I Love My Job; And We’re Hiring

    YAP Sullivan County staff members: Program Director Sarah March, Intensive Family Coordinator Olyvia Talmadge, Administrative Manager Mallory Ruiz, Intensive Family Coordinator Brian Russell

    Reprinted from The Sullivan County Child Care Council Summer Newsletter   By Youth Advocate Programs (YAP), Inc. Program Director Sarah March Vasquez

    Sullivan County, NY — When anyone asks me about my job the first thing, I always say is that we’re hiring! The work that we do at Youth Advocate Programs (YAP), Inc. is rewarding and so meaningful. The need has never been greater for the work that we do.

    YAP is a 47-year-old national nonprofit in 33 states and the District of Columbia serving nearly 150 communities, including Sullivan County. The organization is unique, partnering with youth justice, child welfare, behavioral health, and other systems to provide safe, effective community-based alternatives to incarcerating young people or placing them in congregate care facilities.

    When you work with YAP, you are working with the children and their families in the community that we live in. YAP’s services adhere to an evidence-based model that includes hiring neighborhood-based Advocates and/or behavioral health professionals who provide mobile services. We receive training that empowers us with tools to meet program professionals where they are, to see their strengths and to connect them with individualized tools to set and achieve positive goals.

    As a YAP Advocate, you work with program participants one-to-one and help to make a difference in their lives. The people we work with have often been let down and appreciate having someone that they count on to serve as a role model, and to empower them with tools to succeed in life and give back to their communities. We understand that many of the children and families in our programs have had numerous service providers in and out of their lives and that it often takes time for them to really start to trust us and open up. But once they do, it’s a beautiful thing.

    Sullivan County, NY YAP Program Director Sarah March Vasquez

    Before his promotion to a national leadership position with the organization, the previous Sullivan County YAP program director, Carl Graham, had been working with this organization for almost 22 years. YAP is not a place that’s easy to leave. Speaking personally, it gives you purpose. I was the kind of child growing up who could have really used an Advocate, but unfortunately did not have one.

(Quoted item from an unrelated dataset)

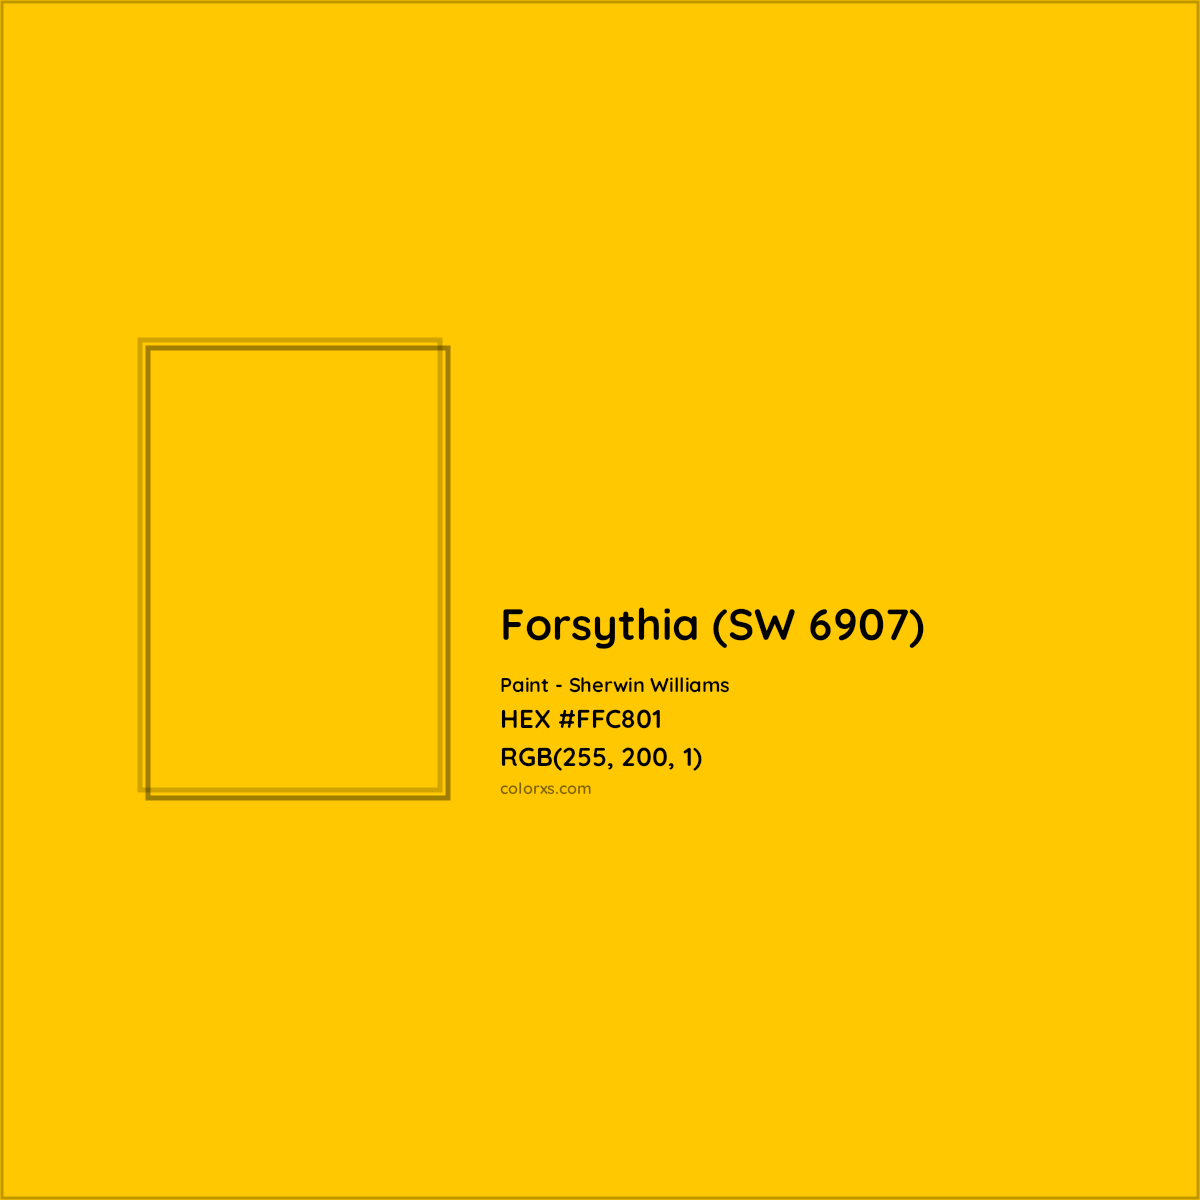 HEX #FFC801 Forsythia (SW 6907) Paint Sherwin Williams - Color Code

Working here gives me the opportunity to help kids and share my experiences and to show them that there is a better way of life and that if you work hard enough, with the right support, you can do anything that you set your mind to. When a child can relate to you and sees that you have been where they are it allows them to start to trust you and to open to you.

    We had a participant who had been in the foster care system and was back home with her mother on a trial basis. She wanted nothing to do with anyone in the program and had no interest in anything that we had to offer. From a very young age she was taught not to trust anyone, that no one really wants to help you and that you don’t talk about anything that goes on in the home or with your family. But we didn’t give up we kept trying and kept working to show this participant that we were not going anywhere and that when we say we want to help in anyway that we can, we mean it. She started to come around but was still very closed off.

    She ended up moving out of her mother’s home and getting pregnant while in the program. As her YAP Advocate, I promised her that I would be there for her every step of the way and that’s exactly what I did. I worked with her to prepare for the baby by going over safety, birthing plans, plans for after the baby is born and so on. The same participant who wanted nothing to do with us was now inviting me to her anatomy scan to learn the baby’s gender.

    We also had two siblings in our program.  When we first started working with these children, they struggled with being respectful and taking care of themselves or their belongings. They were both failing school and barely going and spent a lot of time on their own, doing whatever they wanted. We worked with this family for almost two years, and the children and parents are now doing amazing. The students are both on honor roll in school, attending school daily, and showing respect for themselves and others. They are focusing on their goals that we helped them set and are working towards them every day. Their behavior has improved tremendously. These two children now see that they are worth it and all it took was someone believing in them and their family.

    Another program participant came to us on probation and was looking at jail time. He told us he was simply following in the footsteps of his family and was doing the only thing that he ever knew. When we first started working with this youth, he told me that there was no reason to shower or brush his teeth. He was violating his probation constantly, was not attending school and did not care about what the consequences were going to be. In this case, we learned that it was not so much that he did not want to do the right thing or that he did not want to not take care of himself, it was that no one ever showed him or taught him how to and that’s where we came in. By the end of the two years that he was in YAP, he had successfully completed probation, was attending school and was on track to graduate, and was offered a scholarship to a technical school in New York City. He was taking care of himself: showering daily, brushing his teeth, and washing his clothes.

    Every time a YAP participant’s service period is ending, I tell them that just because they will not technically be in the program anymore doesn’t mean we won’t still be there for them. I tell them they can still reach out to me at any time. So many of the children and even families that my colleagues and I have worked with still reach out to just to check in from time to time. Working at YAP and helping children is my passion and if I can make even the slightest difference in someone’s life then I am doing my job. I am a strong believer that everyone deserves a second chance.